What the task asks:
When copying the data below, keep only the lines from the one with "Man application icons" through the one with "78c2e1f36d24e Camiseta adidas", word for word, and skip the pictures.

===== Extracted information =====

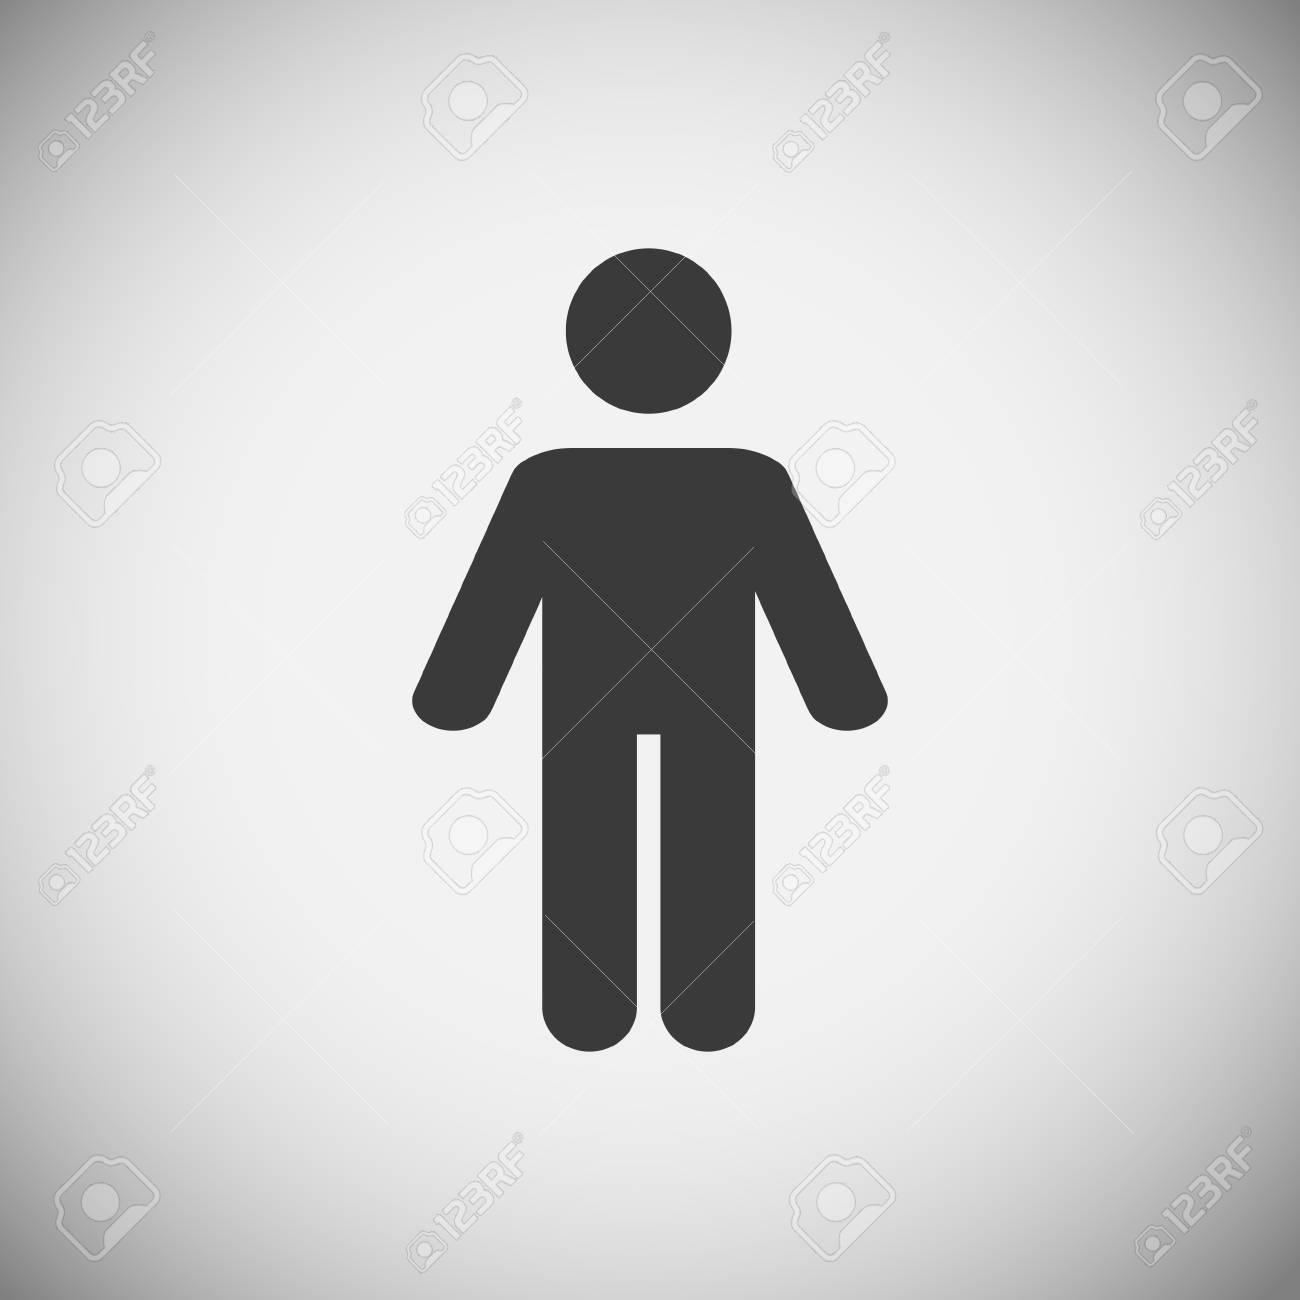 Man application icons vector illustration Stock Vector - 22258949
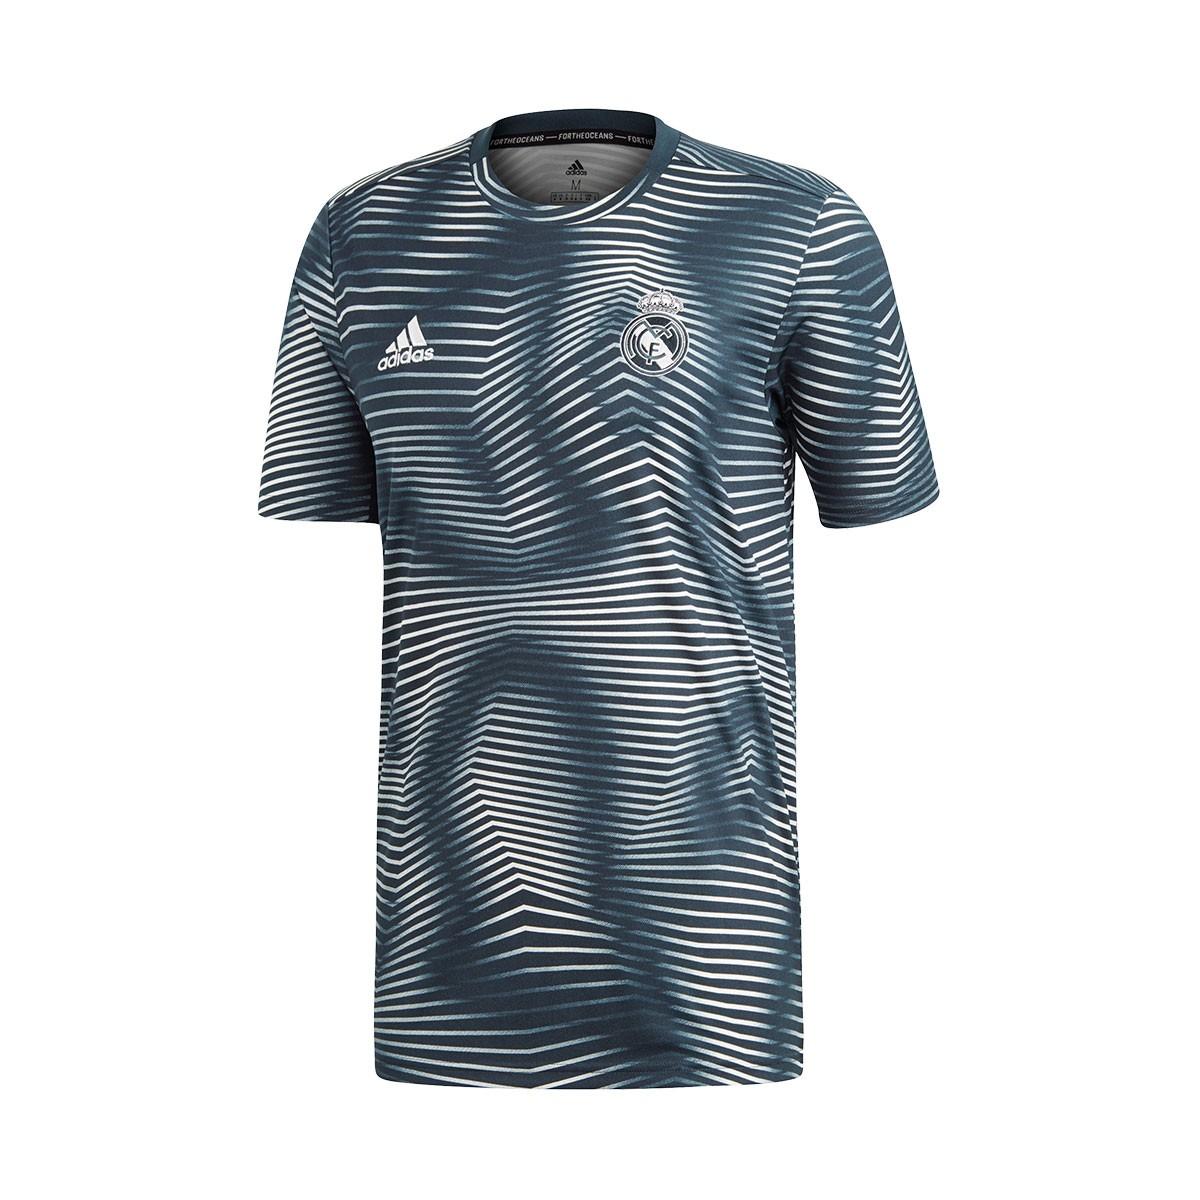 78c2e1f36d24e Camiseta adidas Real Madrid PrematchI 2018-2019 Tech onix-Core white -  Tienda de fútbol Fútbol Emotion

=====
===== Extracted information =====

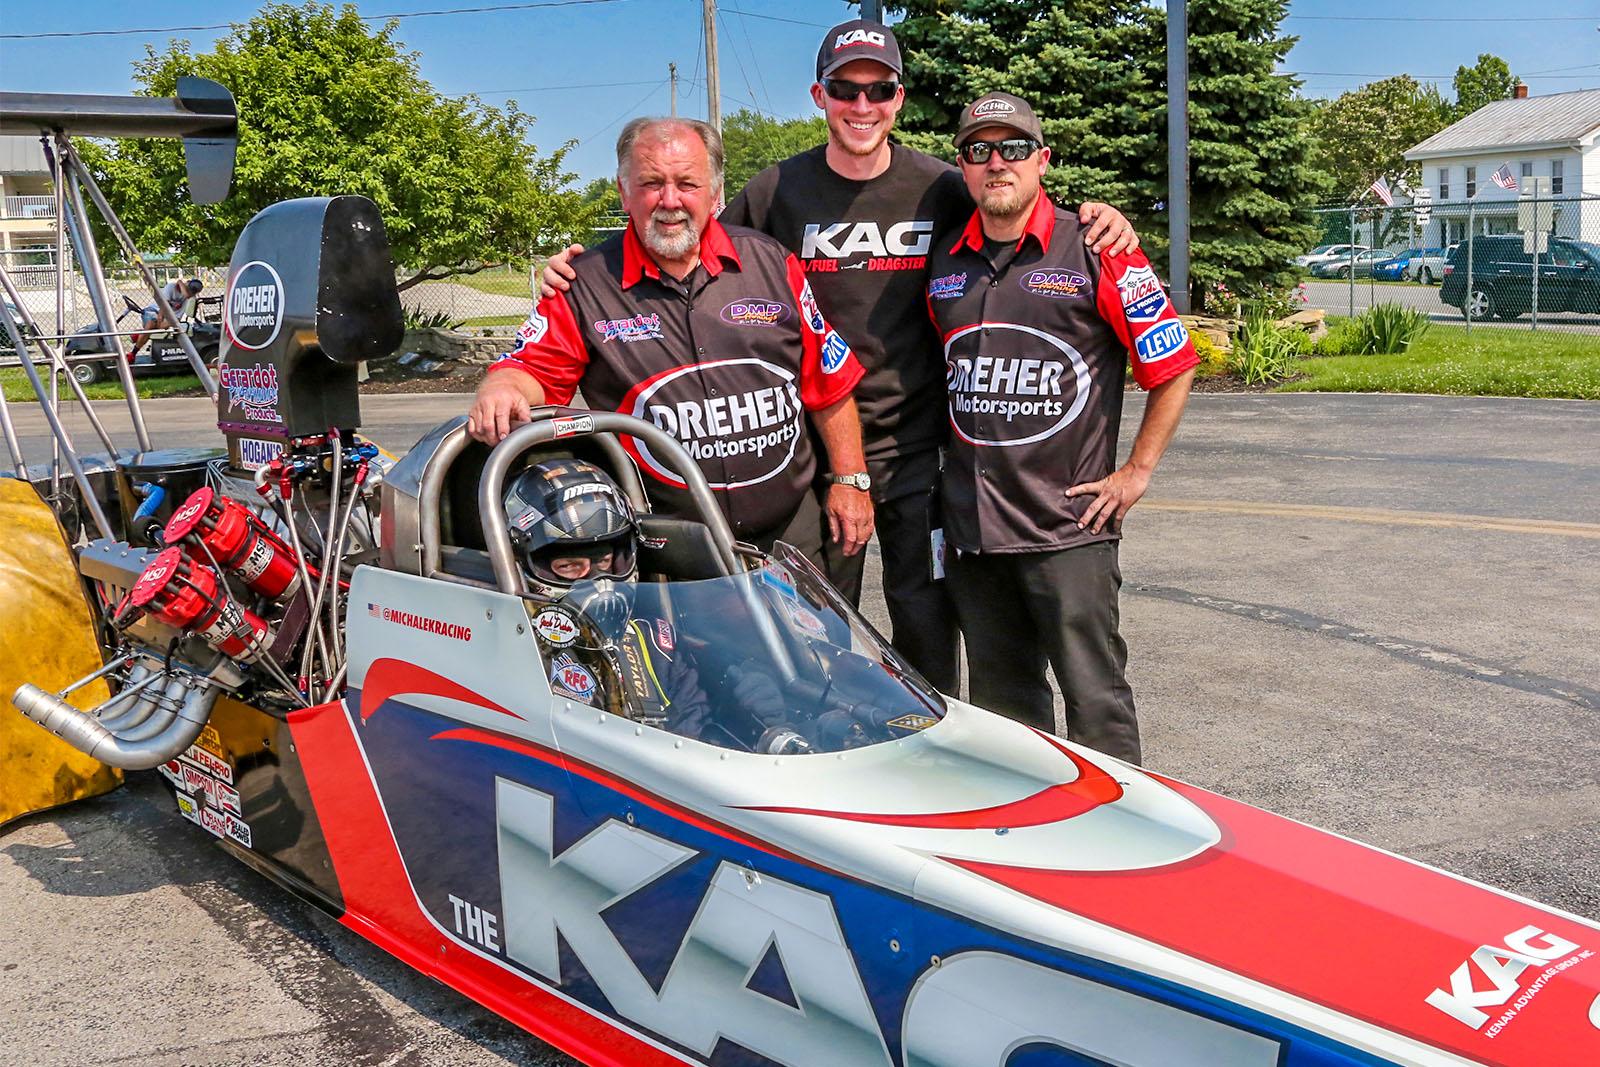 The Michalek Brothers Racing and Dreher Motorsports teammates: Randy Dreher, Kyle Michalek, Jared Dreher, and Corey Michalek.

=====

Response to the task:
 Man application icons vector illustration Stock Vector - 22258949
 78c2e1f36d24e Camiseta adidas Real Madrid PrematchI 2018-2019 Tech onix-Core white -  Tienda de fútbol Fútbol Emotion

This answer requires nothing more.